TASK REQUIREMENTS: All of the entries below need repeating exactly, apart from their images.
━━━ PROVIDED RECORDS
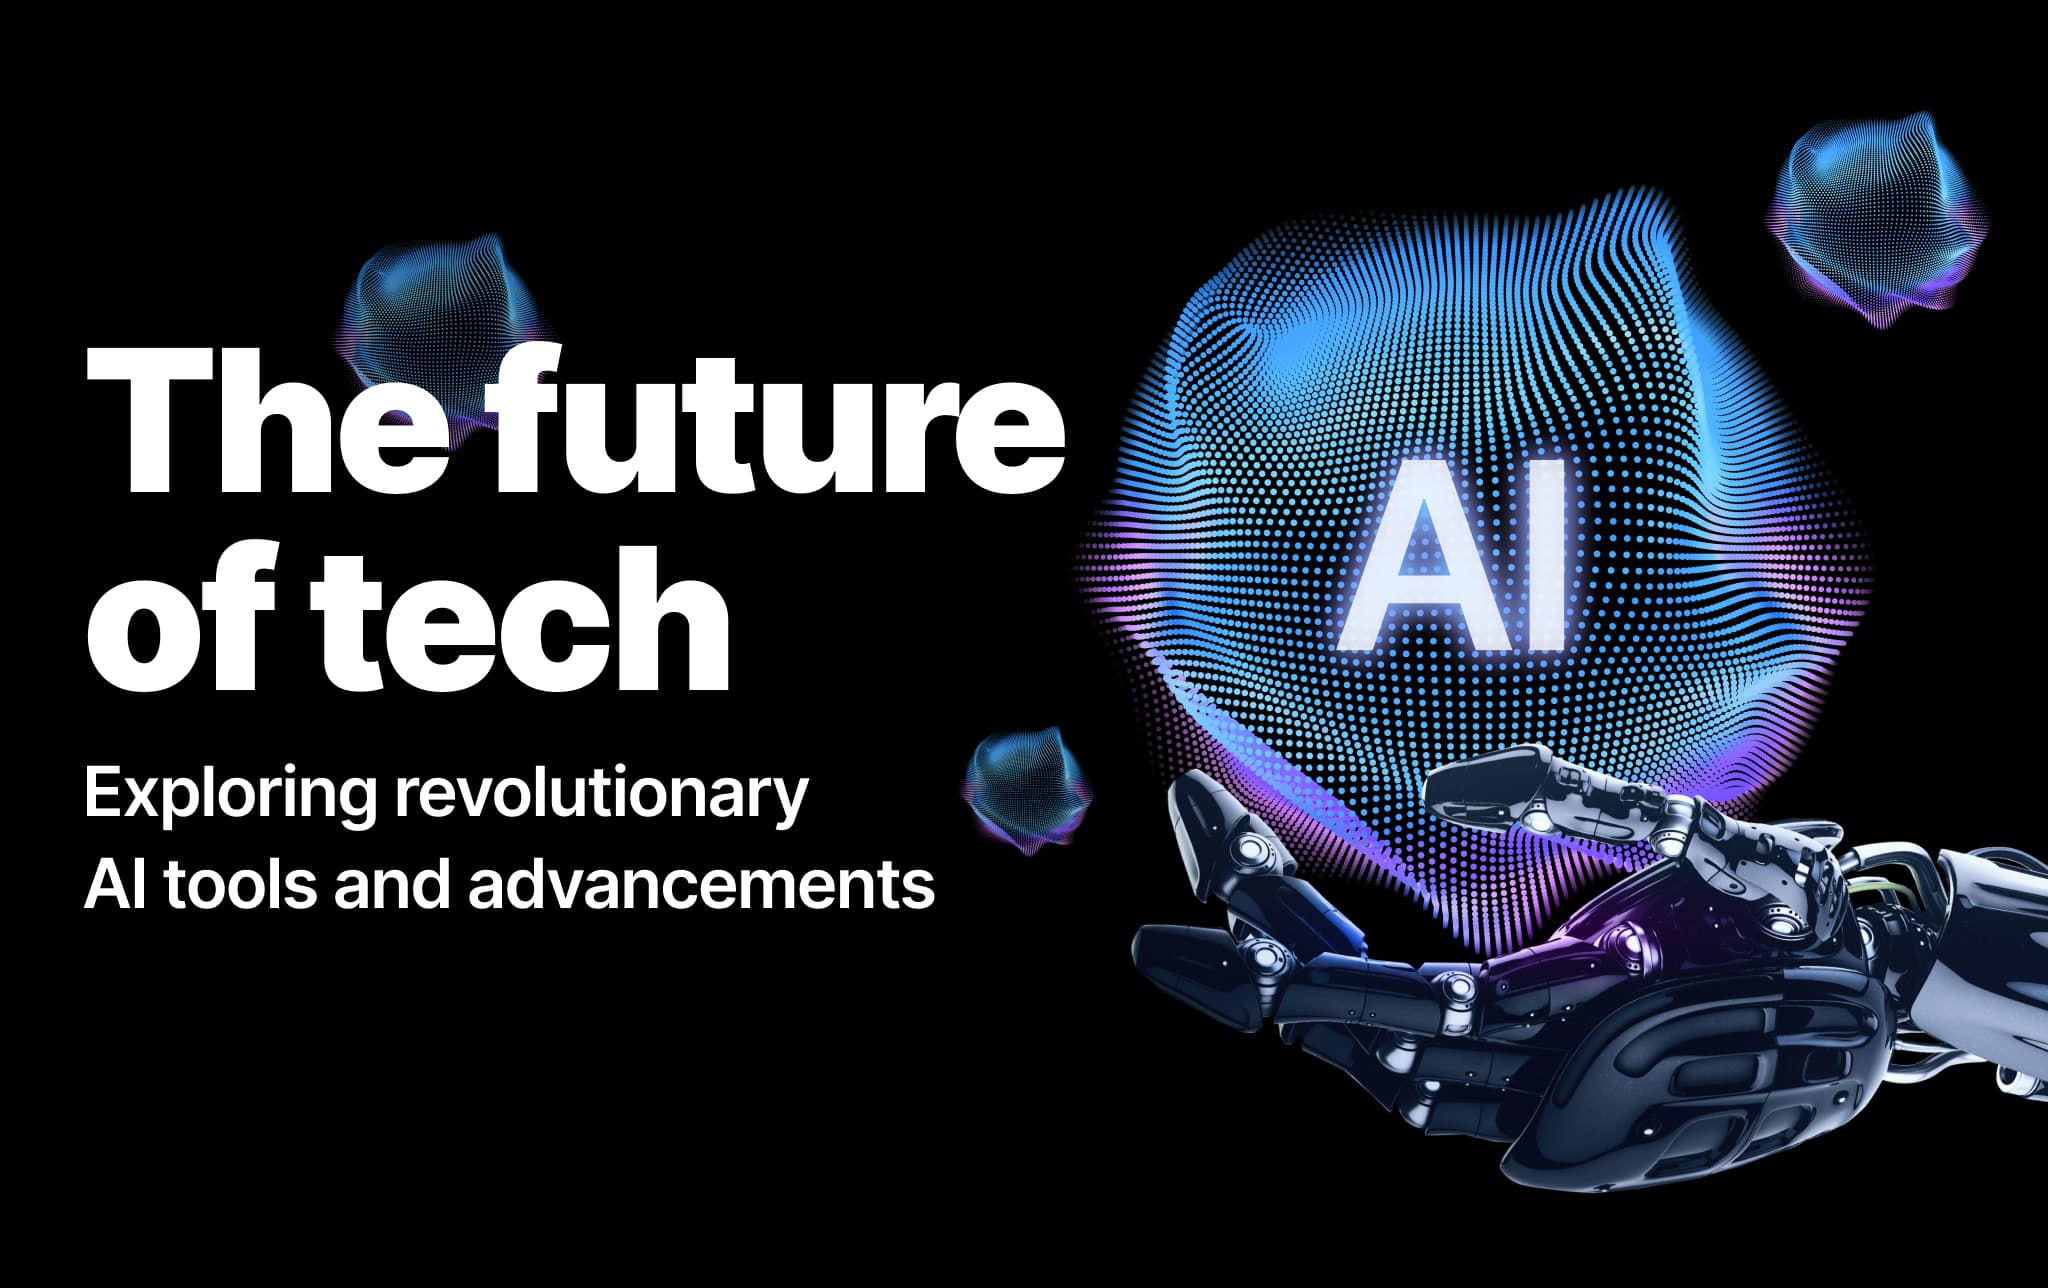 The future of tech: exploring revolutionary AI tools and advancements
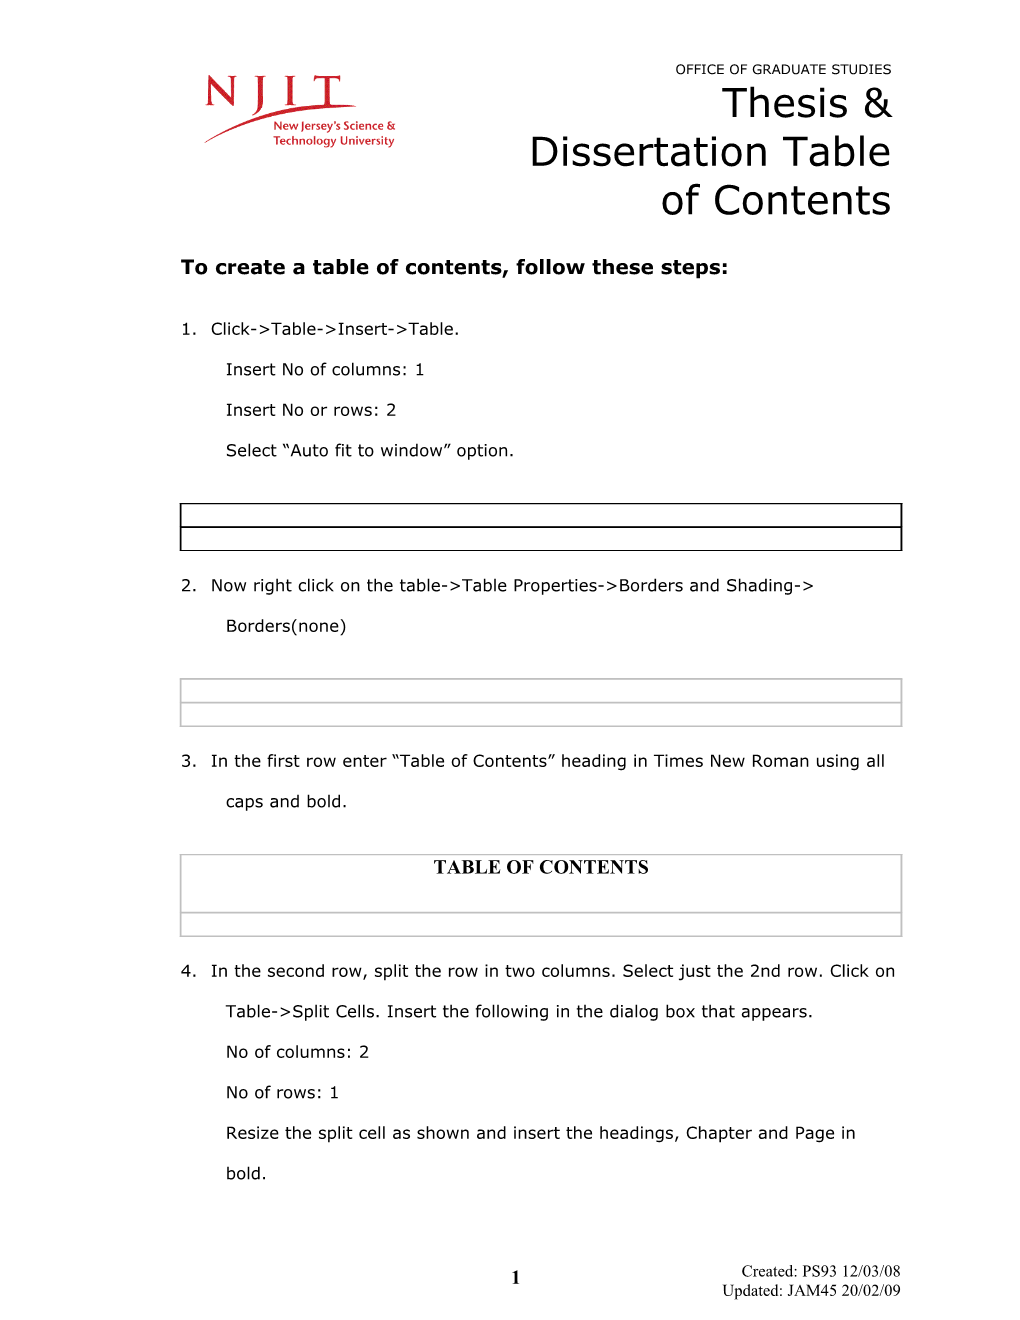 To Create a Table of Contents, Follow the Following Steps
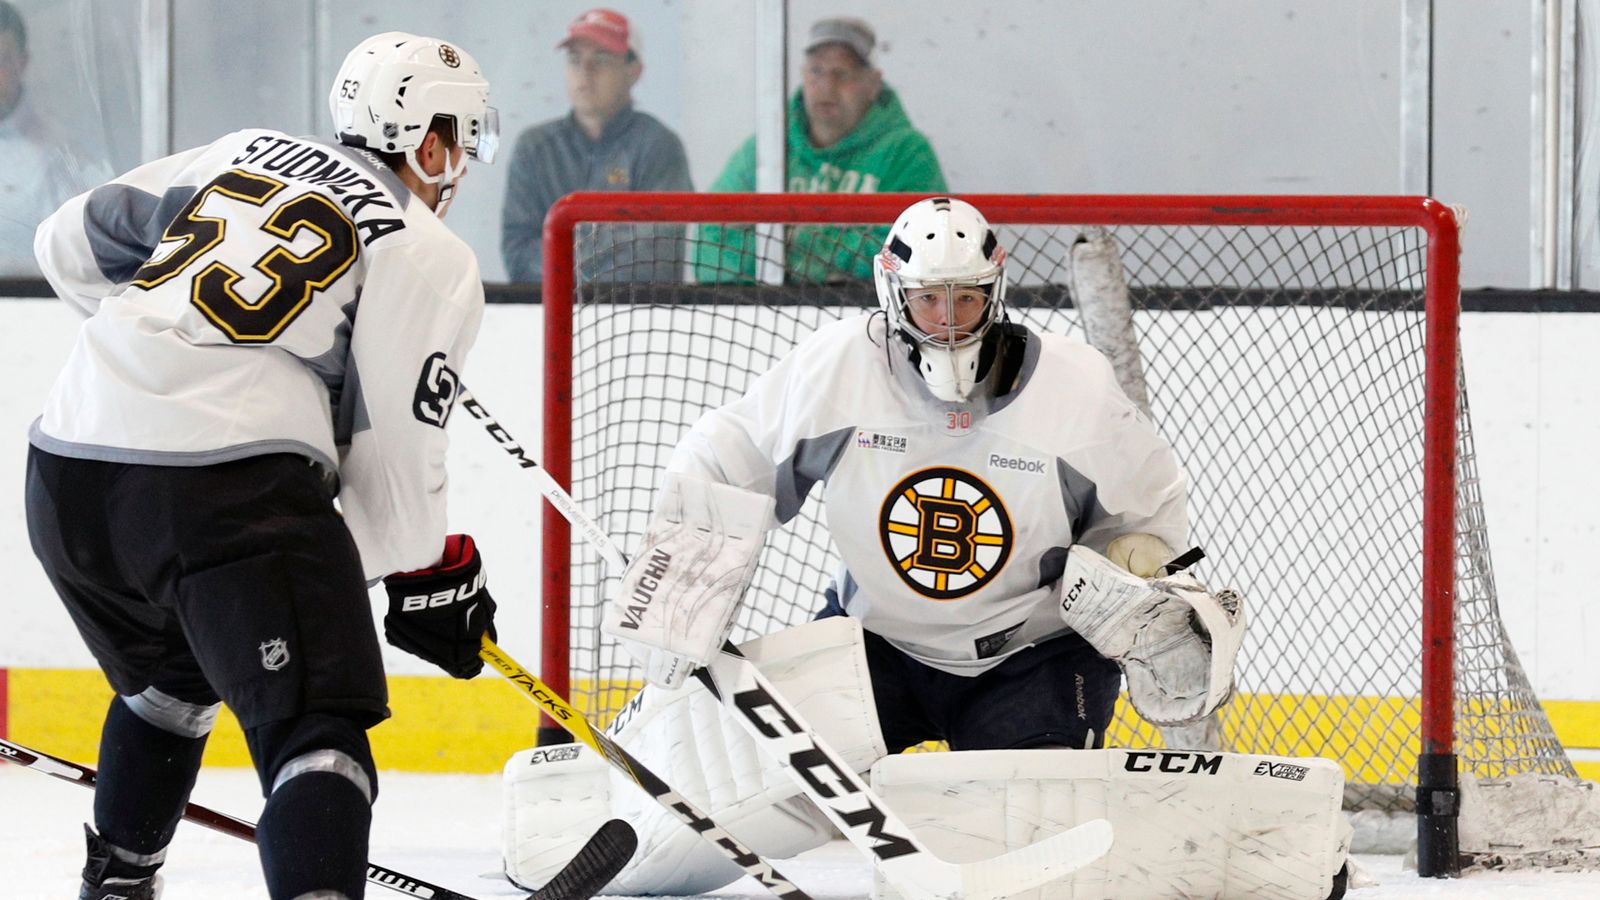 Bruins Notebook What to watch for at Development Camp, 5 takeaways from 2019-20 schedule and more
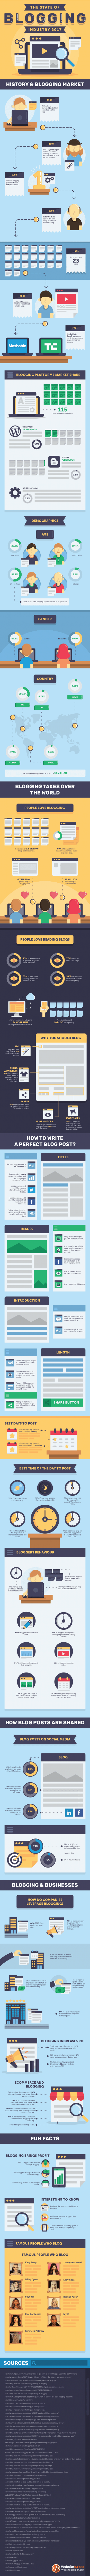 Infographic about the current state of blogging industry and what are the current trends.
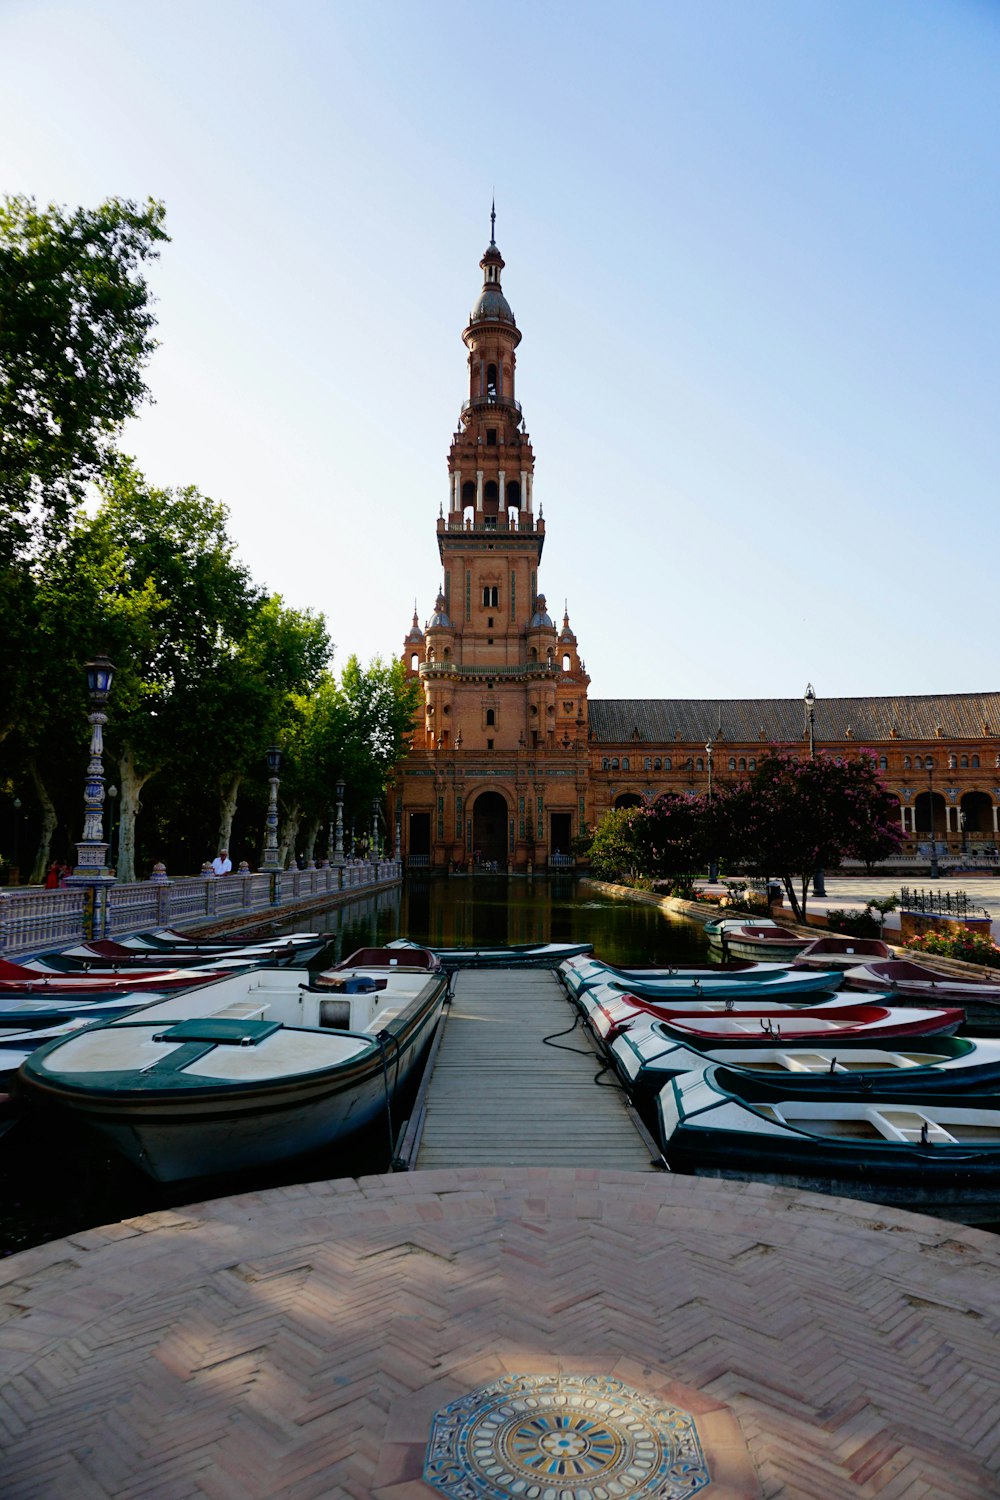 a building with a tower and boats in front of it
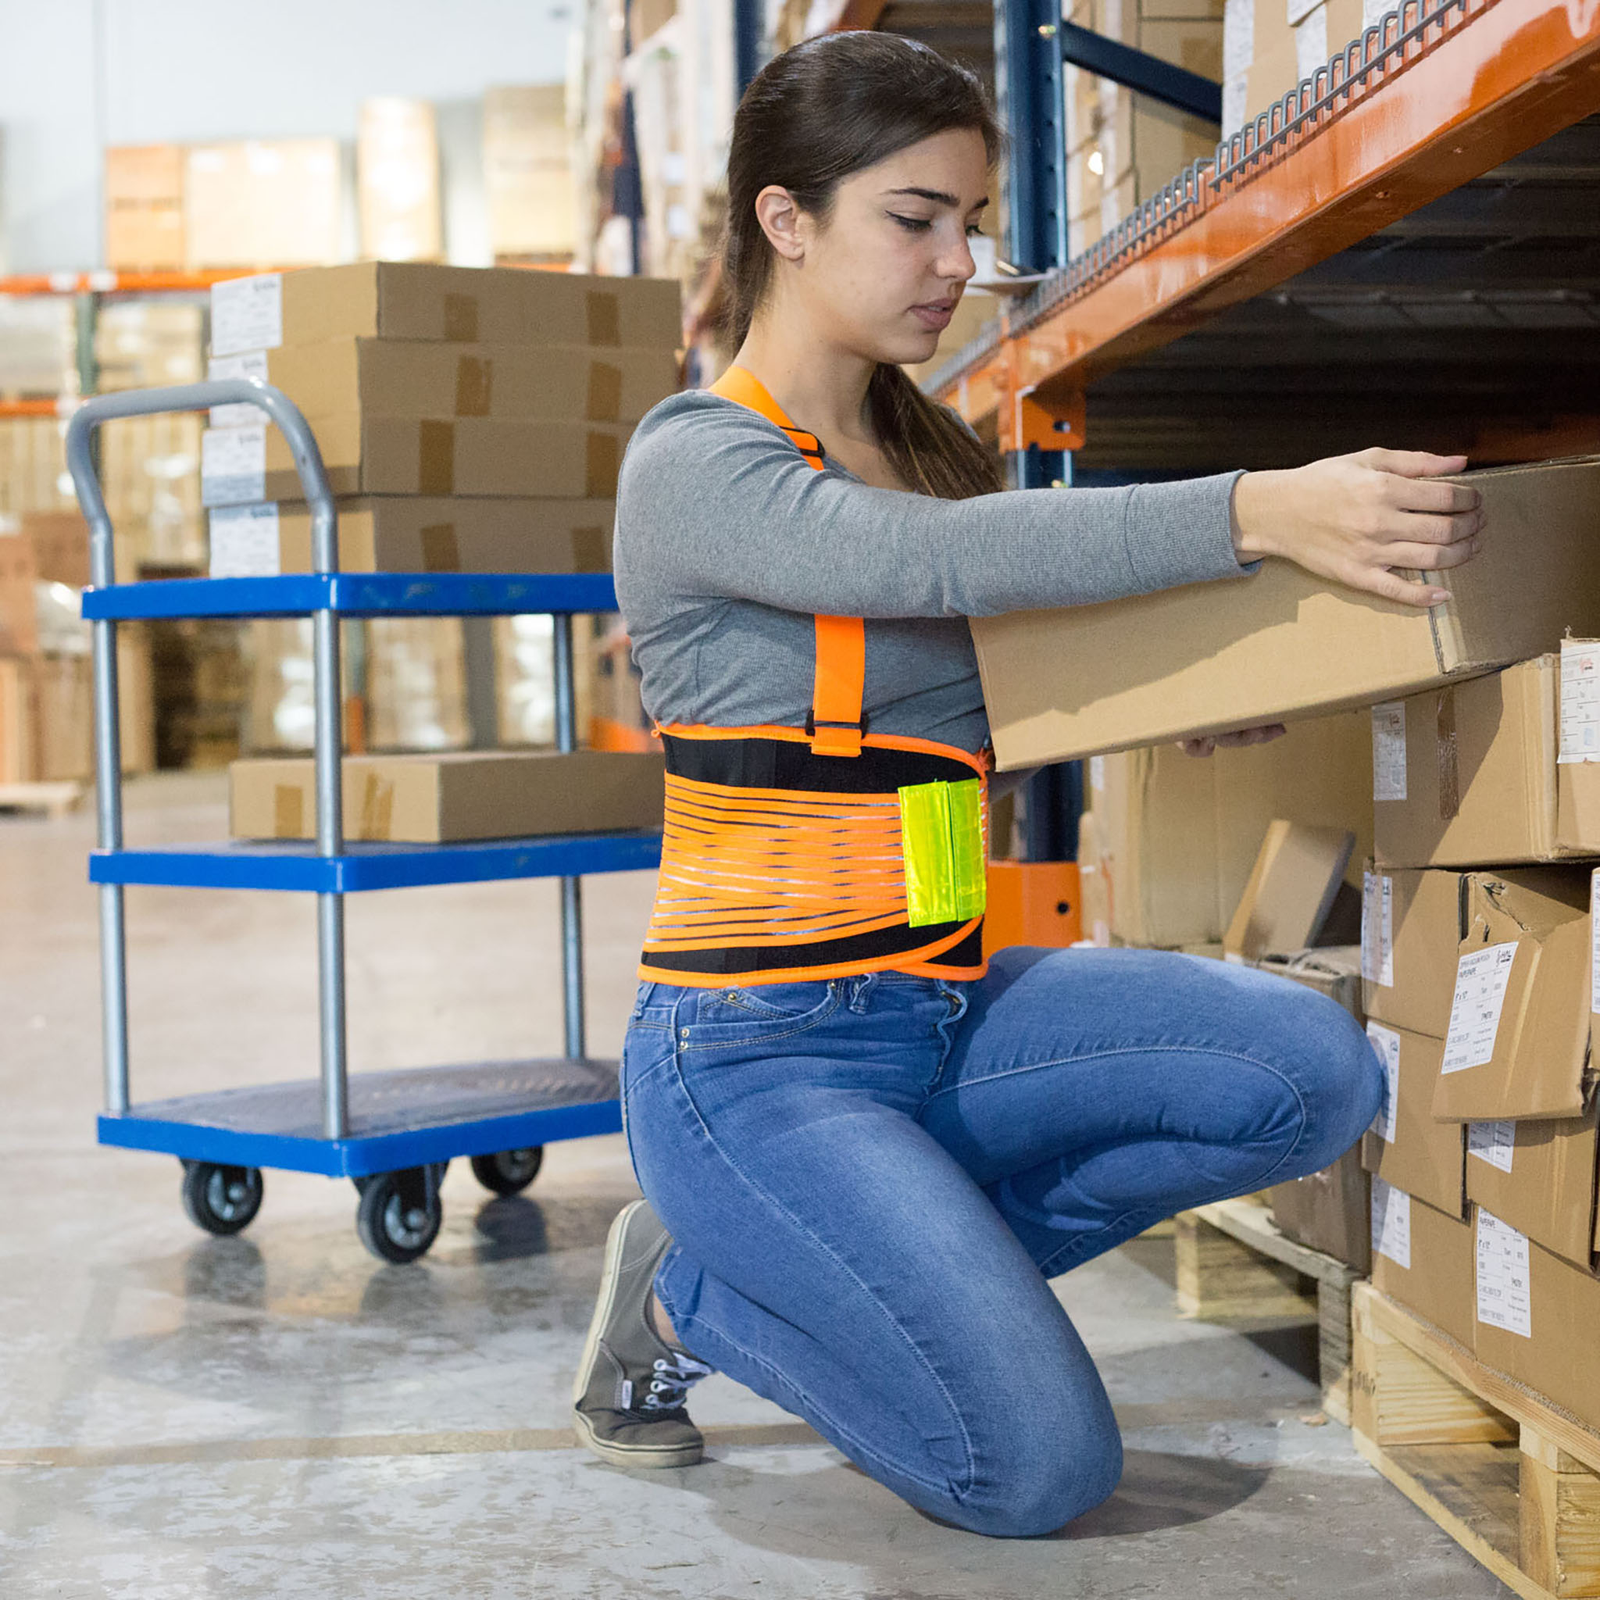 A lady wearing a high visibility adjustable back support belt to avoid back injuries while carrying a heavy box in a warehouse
━━━━━━
SOLUTION FOR THIS EXERCISE:
 The future of tech: exploring revolutionary AI tools and advancements
 To Create a Table of Contents, Follow the Following Steps
 Bruins Notebook What to watch for at Development Camp, 5 takeaways from 2019-20 schedule and more
 Infographic about the current state of blogging industry and what are the current trends.
 a building with a tower and boats in front of it
 A lady wearing a high visibility adjustable back support belt to avoid back injuries while carrying a heavy box in a warehouse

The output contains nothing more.